5. How can small and medium manufacturers leverage Resolver to stay competitive, especially when they lack the deep engineering resources of larger enterprises?
Resolver is especially valuable for small and mid-sized manufacturers because it removes the need for one of the most brittle roles in automation: path planning. The problem isn’t just that path planning is specialized; it’s that it’s single-purpose. You might need ten hours of it one week, then nothing for a month. Compare that to CAD skills, broadly applicable across design, engineering, and manufacturing tasks.
This mismatch creates real overhead. Hiring a full-time path planner doesn’t make sense unless you’re running at a serious scale. But relying on an integrator whenever you need a change slows you down and eats into margins. And if you do hire someone, how do you know for sure that they’re good? What happens when they quit?
Resolver changes the equation. It gives organizations access to high-end planning capabilities without having to build a fragile in-house function or tie themselves to long-term contracts. More importantly, it lets you stay flexible. You don’t have to treat automation as a static thing just to make the economics work. You can adapt on the fly, without breaking the bank.
That’s how smaller manufacturers stay agile and competitive.
6. What’s next for Resolver—are there any upcoming integrations, AI enhancements, or features that will further empower robotic automation in Industry 4.0 environments?
The only integration we can publicly confirm right now is with Visual Components, which we’re launching at Automatica 2025. Several other integration projects are underway, but since they involve close collaboration with partners, we’ll coordinate announcements together with them. Longer term, you can expect integrations with more sophisticated 3D simulation platforms and even CAD tools to support early-phase design.

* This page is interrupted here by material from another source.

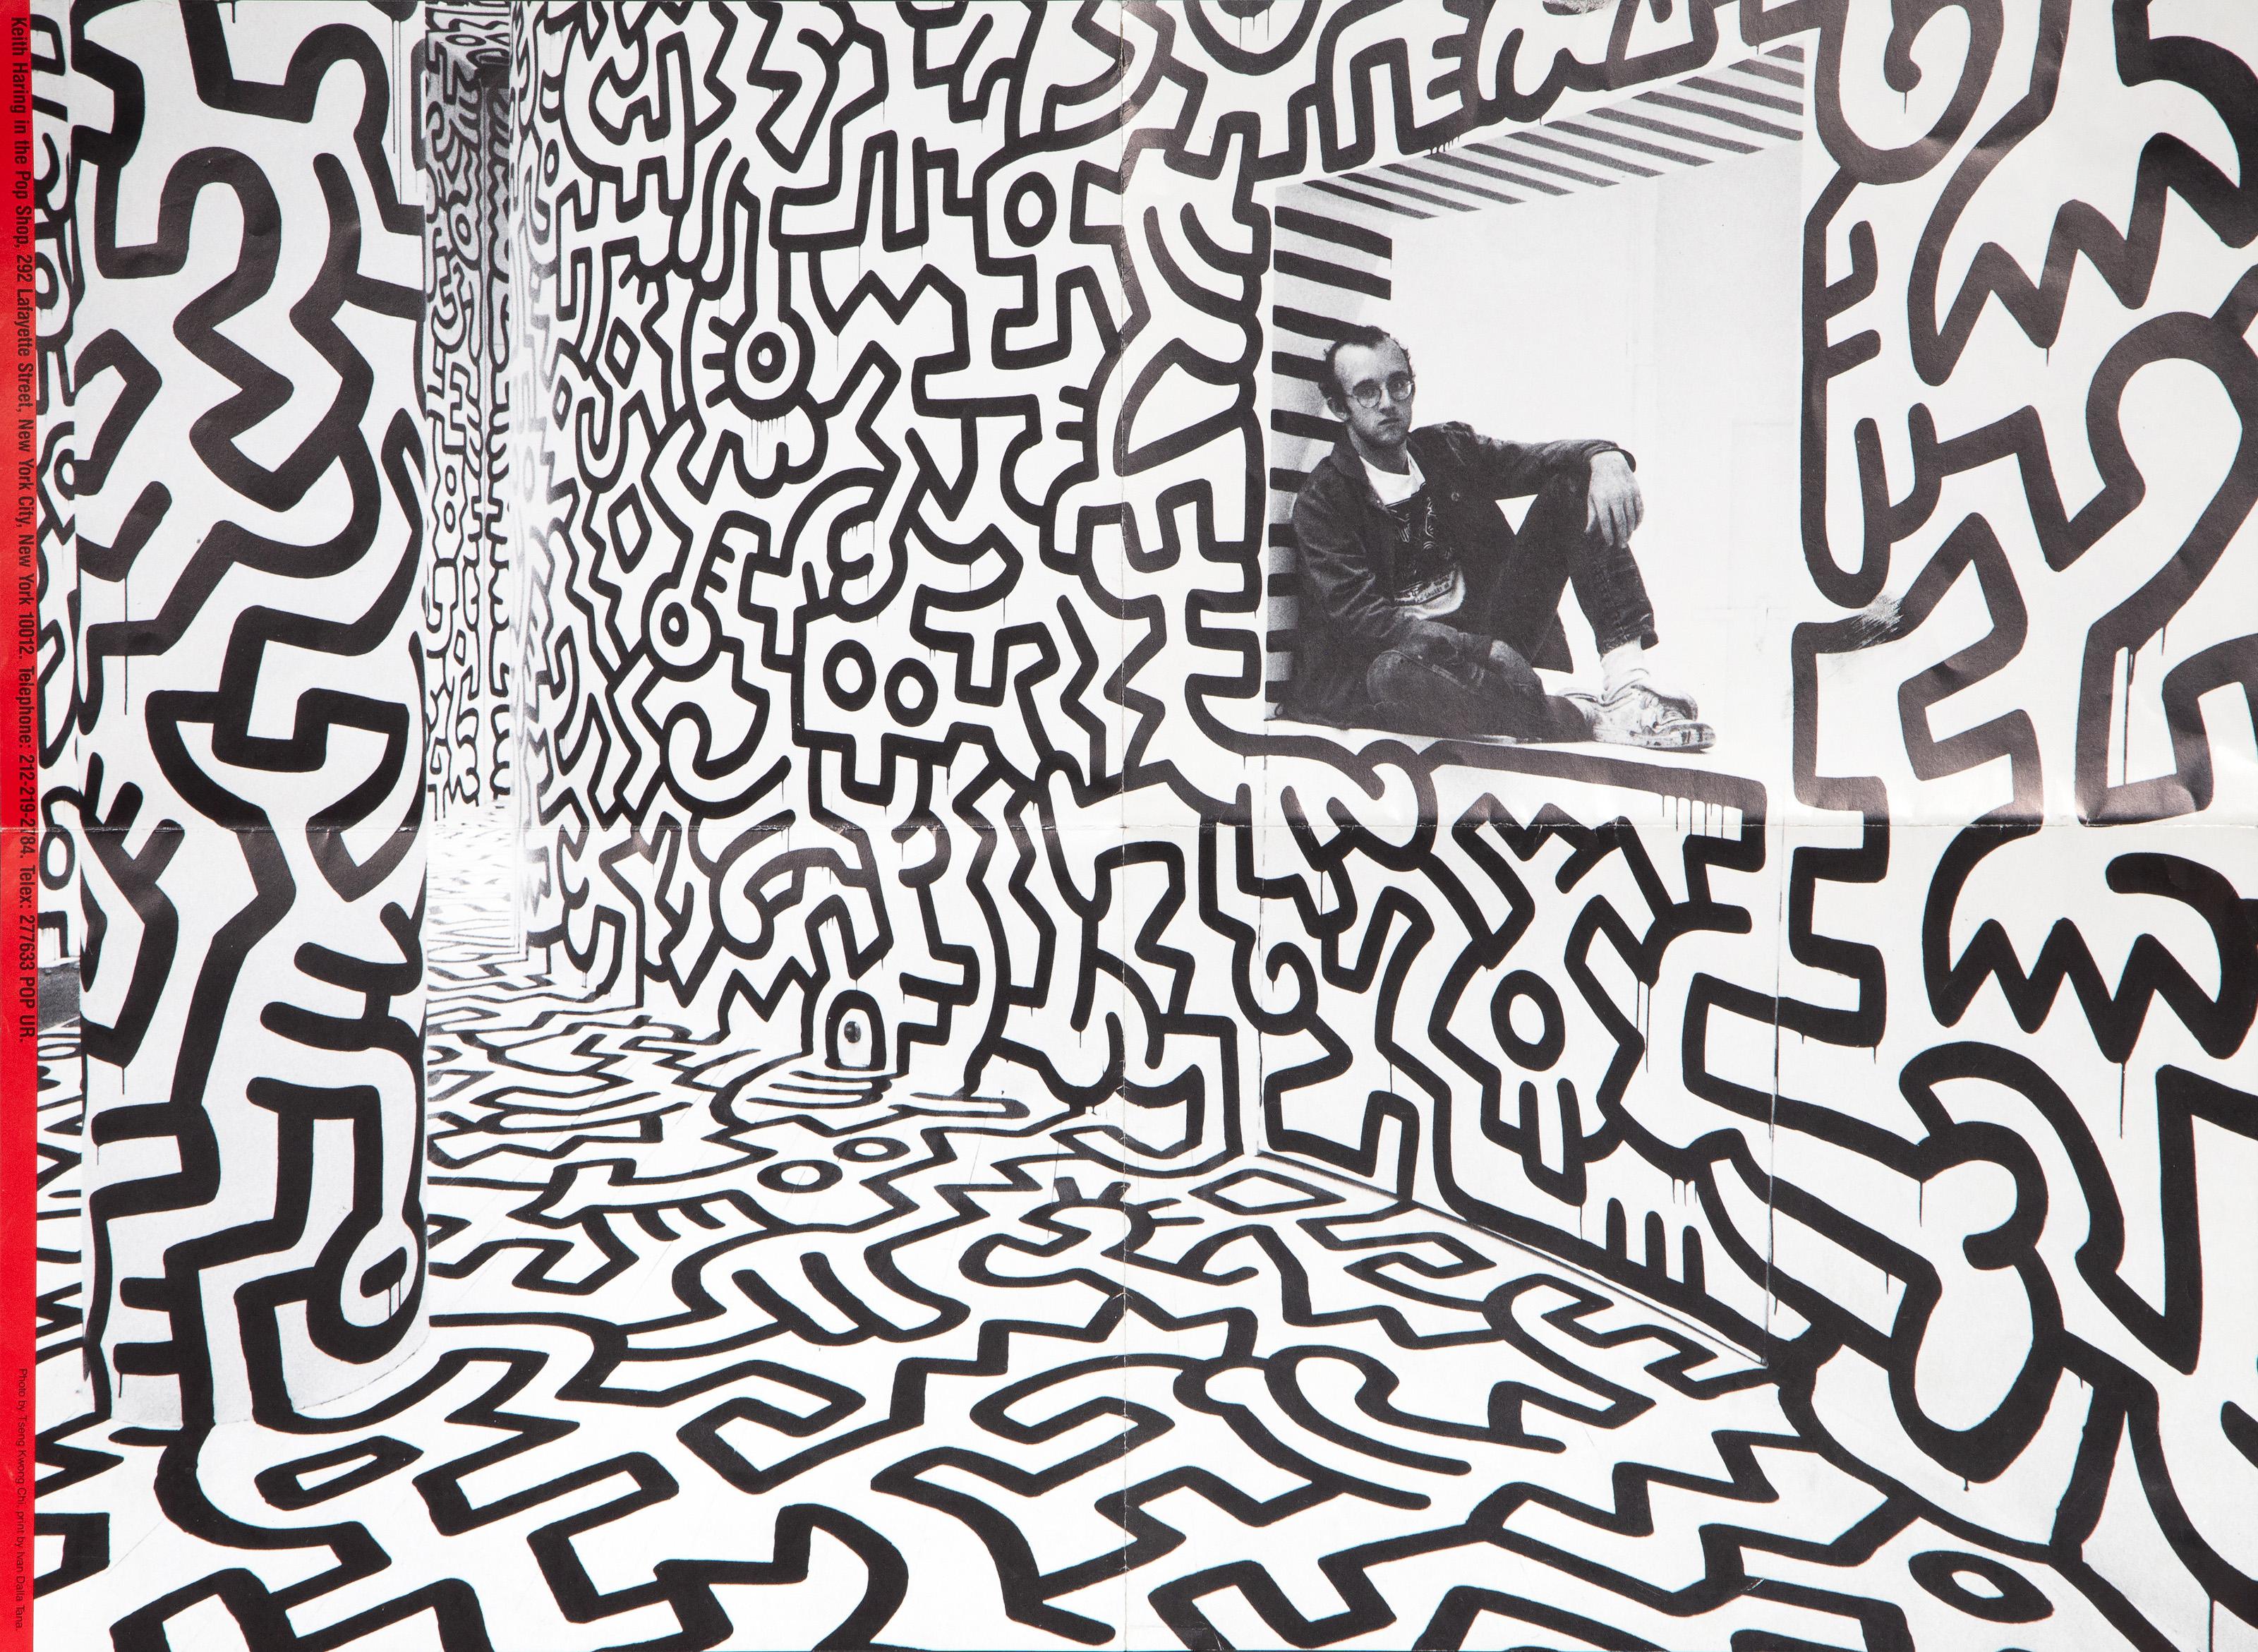 Dieses Plakat zeigt den amerikanischen Pop-Art-Künstler Keith Haring, der im Kassenfenster seines Pop-up-Ladens sitzt, einem Raum, der von der Decke bis zum Boden mit schwarzen Strichzeichnungen im Stil von Haring bedeckt ist. Auf der Rückseite

As for the product roadmap, we’re focused on three major pushes: some very AI-driven, others more standards- and rules-based. These include:
- Design-enabling tools: Think automatic robot positioning, EOAT selection, robot choice, and fixture design support. These are heavy on AI and aim to reduce the up-front work required to scope and build an automated cell.
- OEM standard adherence: For applications where robot motion needs to follow strict OEM guidelines, we’re building support to generate paths that align with those standards – no AI needed, just precision and correctness.
- Line-level tools: This includes features like line balancing, robot and EOAT allocation across multiple stations, and reachability validation at production scale. These will be deeply AI-enabled and cloud-powered.
The long-term vision is simple: customers bring the process they want to execute, and Resolver handles everything else. With a solid digital twin in place, this kind of full-stack automation isn’t theoretical – it’s within reach.